Less than a week removed from making headlines for a ski lift incident that left seven people injured, Sugarloaf was once again in the news, this time for all the right reasons.

Some of the country’s best skiers flocked to Sugarloaf, looking to tackle Narrow Gauge and take home a national title. 

While some big names were missing, many more made the trip after completing their World Cup tour overseas. Among those in attendance were Lindsey Vonn, Mikaela Shiffrin, Stacey Cook, Steve Nyman, Andrew Weibrecht and David Chodounsky. 

Vonn may only have been a forerunner for the women’s giant slalom, but she became the most sought after forerunner in the sport’s history as she was swarmed by fans of all ages hoping to either snap a photo or get an autograph from the seven-time World Cup downhill champion and Olympic gold medalist. 

Those who competed? They dazzled the crowd, which grew larger as the week continued. There were even a few surprises. Drew Duffy shocked everyone on the first day as he started 30th and finished first in 1 minute, 19.73 seconds, besting 13 members of the U.S. ski team in the process in the men’s super-G. 

The U.S. Ski team would have plenty of moments in the sun and on the podium, beginning with Alice McKennis winning the women’s super-G by one-tenth-of-a-second over Canada’s Valerie Grenier. The U.S. Ski team placed five skiers in the top eight in the event. 

Speaking of sun, Mother Nature couldn’t have been kinder to Sugarloaf. All five days and six events went off without a hitch, most taking place under blue skies and temperatures in the high 30s to low 40s. The only hiccup in the weather affected the Opening Ceremonies, pushing back the Parade of Athletes and firework display a mere 24 hours due to rain. 

Saturday seemed to be — judging by the vast turnout at the finish line of the women’s slalom — the day everyone was anticipating. It was the day Mikaela Shiffrin made her Sugarloaf debut.

And she didn’t disappoint.

The Olympic gold medalist and three-time defending World Cup slalom champion ran away with the slalom title, posting two nearly flawless runs. Shiffrin’s time of 1:33.02 bested second place by more than four seconds, the largest margin of victory of the week by a landslide. 

Shiffrin, like Vonn and many of the athletes in attendance, spent most of their week signing autographs and mingling with fans. A scheduled 45-minute autograph session Thursday went nearly twice as long as the line of fans hoping to meet their role models snaked around the inside of the base lodge, starting on the top floor and stretching all the way to the first floor entrance. 

The 2015 U.S. Alpine Championships served as a final goodbye for some athletes. Ben Morse, a Carrabassett Valley native and Carrabassett Valley Academy alum, called it a career on the mountain he’s skied countless times before. He finished 10th in his final race.

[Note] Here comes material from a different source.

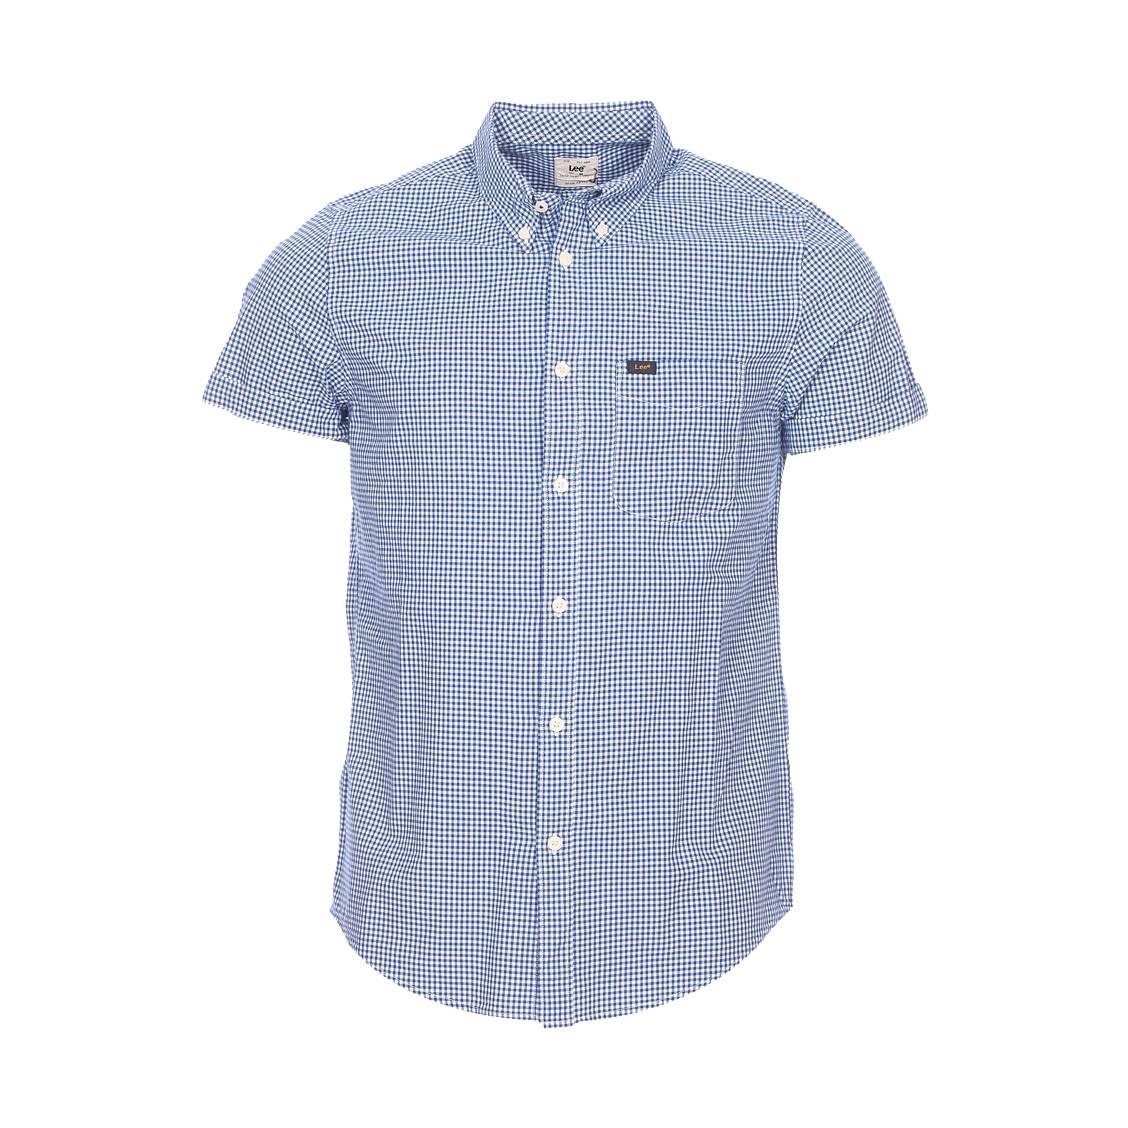 Chemise droite manches courtes  en coton à carreaux vichy bleu indigo et blancs

Hailey Duke decided to hang up the skis as well after a few years skiing as an independent. Duke’s career was all about overcoming adversity, as she had brain surgery in February 2013 to remove a benign tumor on her pituitary gland. A year later she was back skiing on the World Cup tour and qualified for the World Championships in 2015. Duke ended her skiing career with a fourth-place finish in the women’s slalom on Saturday. 

No athlete had a more enjoyable week than Sam Morse. Sam, Ben’s younger brother and also a CVA graduate, always had a smile on his face as he competed in the super-G, giant slalom and slalom in front of his hometown fans, who cheered every time his name was mentioned. Whether he finished 26th in the super-G, 31st in the giant slalom or 14th in the slalom, Sam Morse had the same smile on his face, signing autographs for young fans at the finish line and posing for photos. 

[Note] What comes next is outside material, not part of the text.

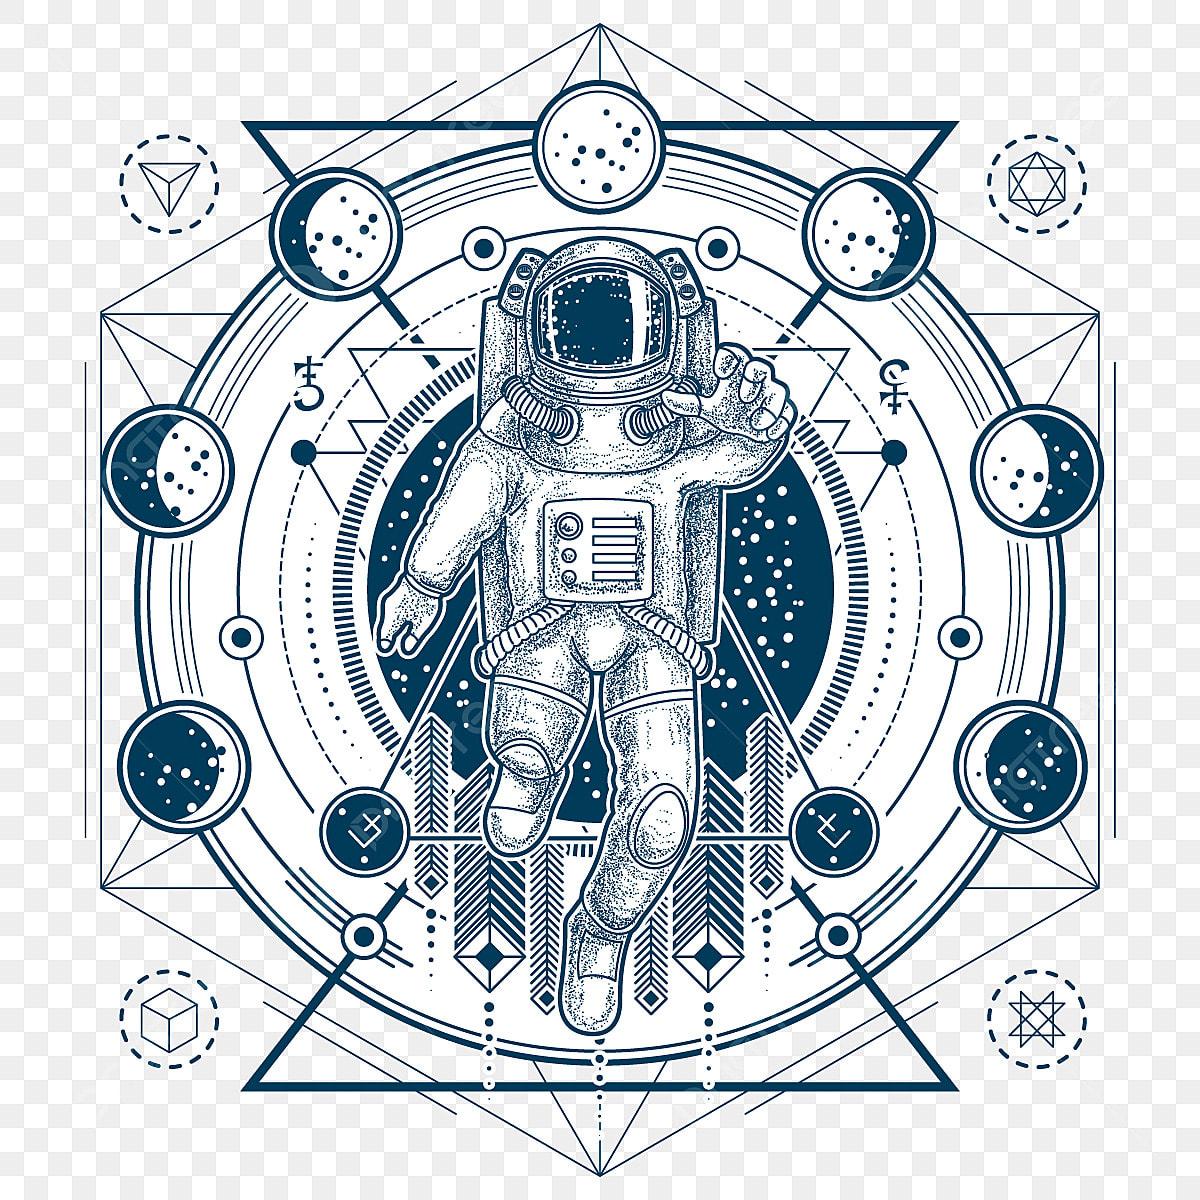 Vektorskizze Einer Tätowierung Mit Astronauten In Einem Raum

That’s really what it was about for the athletes: interacting with the fans that had made the trip to watch them ski. Some fans were from right down the road, but, based on some of the license plates in the always-full parking lots, some traveled great lengths just for a chance to watch the athletes they grew up idolizing. License plates from Maine, Vermont, New Hampshire, New York, Massachusetts and Pennsylvania were just some of the states represented in the crowd during the week. 

The U.S. Alpine Championships head west next year to Sun Valley, Idaho, but don’t fret New England-based skiing aficionados, it will be back in 2017 when Sugarloaf once against plays host to the best American skiers. Two years may seem like a long time to wait, but if 2015 was any indication of what 2017 may bring, the wait will be worth it.